We needed to acknowledge the struggle, light the candle, say, “Happy Thanksgiving, John.” The candle made it easier to move around the kitchen in preparation for dinner. The candle came with us into the family room to watch football, back to the kitchen to check on the bird and eventually to the table. The candle allowed us to be sacred in our experience of this first Thanksgiving, and yet, at the same time do what needed to be done in order to have as normal as a day as possible for my nieces and nephews.
~ Give yourself time before other people wake up or arrive at your door to have sacred space with your person. My father passed away very unexpectedly in 2005. If you drive by my house early any holiday morning, you will see me outside in my pajamas with bed head in full force, crying and hugging the tree Heartworks planted for my father.
I create my quiet time with him before the chaos of the day begins. Every holiday before I speak a word to another human being, I am out there in my yard, hugging that tree. It helps. And if it feels too scary to spend time alone, ask a trusted person to do it with you. I have found in over 20 years of counseling people through grief that it does not help to try and avoid the tears…. it is better to create a set time to have the cry and then carry through with the rest of the day.

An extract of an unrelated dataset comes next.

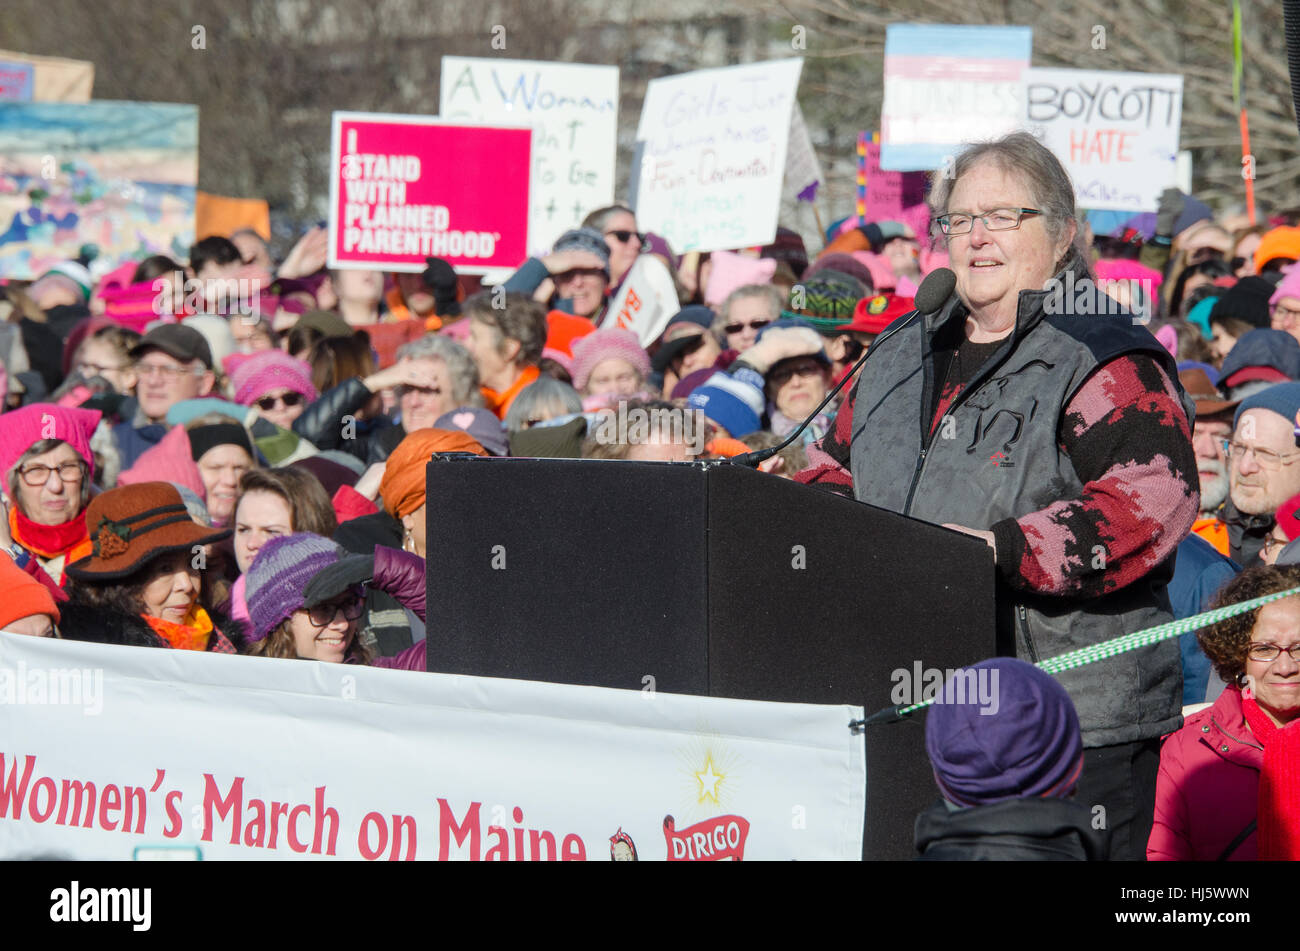 Augusta, Maine, USA. 21st Jan, 2017.  Lois Galgay-Reckitt of the Maine State House of Representatives addresses the Women’s March on Maine rally in front of the Maine State Capitol. The March on Maine is a sister rally to the Women’s March on Washington. Credit: Jennifer Booher/Alamy Live News Stock Photo

~ When someone who loves you offers you help, just say yes. Last year one of my besties, in treatment for breast cancer, wouldn’t let me come over and vacuum for her the day before Thanksgiving. Don’t do things like this. It keeps God at bay. Just say yes to any help that comes at you. Help coming at you is God coming at you… even in the form of vacuuming.
~ Don’t be afraid to break (or keep) traditions. If you need to go to the movies and forget it’s Thanksgiving, then go to the movies and forget it’s Thanksgiving. This may not be what your mom needs or your uncle needs, but if it’s what YOU need, make it happen.
~ Place items on the person’s empty seat with things that remind you of the person. That first Thanksgiving, we filled John’s seat with lots of things, like the kid’s school projects, a Whoopee cushion, and a football. The most vivid item in my memory is the tackle box that my nephew Patrick, (9 at the time) bought as he waited for word from his dad. He wanted to give it to his dad when he came home. So now it sat on John’s empty chair for Thanksgiving dinner.
~ Fill the days leading up to the holiday with prayer. Pray non-stop all day. Ask your friends, church, book club and anyone else you can think of to pray for you as well. Fifteen years ago my family received prayers from all over the world. In my sister’s house, in the weeks following the attack, when I closed my eyes at night, I was grateful for each and every prayer that got us through another day.
~ And finally, know that the day will come to a close, and you will have lived through it. Know that you will not be alone in your struggle and that you are surrounded by love.
I share these ideas in an attempt to help anyone who has an incomplete table this year. For everyone who does have a full table, let’s honor the worry and grief of others. Let’s take nothing for granted. Let’s not get caught up in preparations.
Let’s pray throughout the day for families not having an easy go of it this year.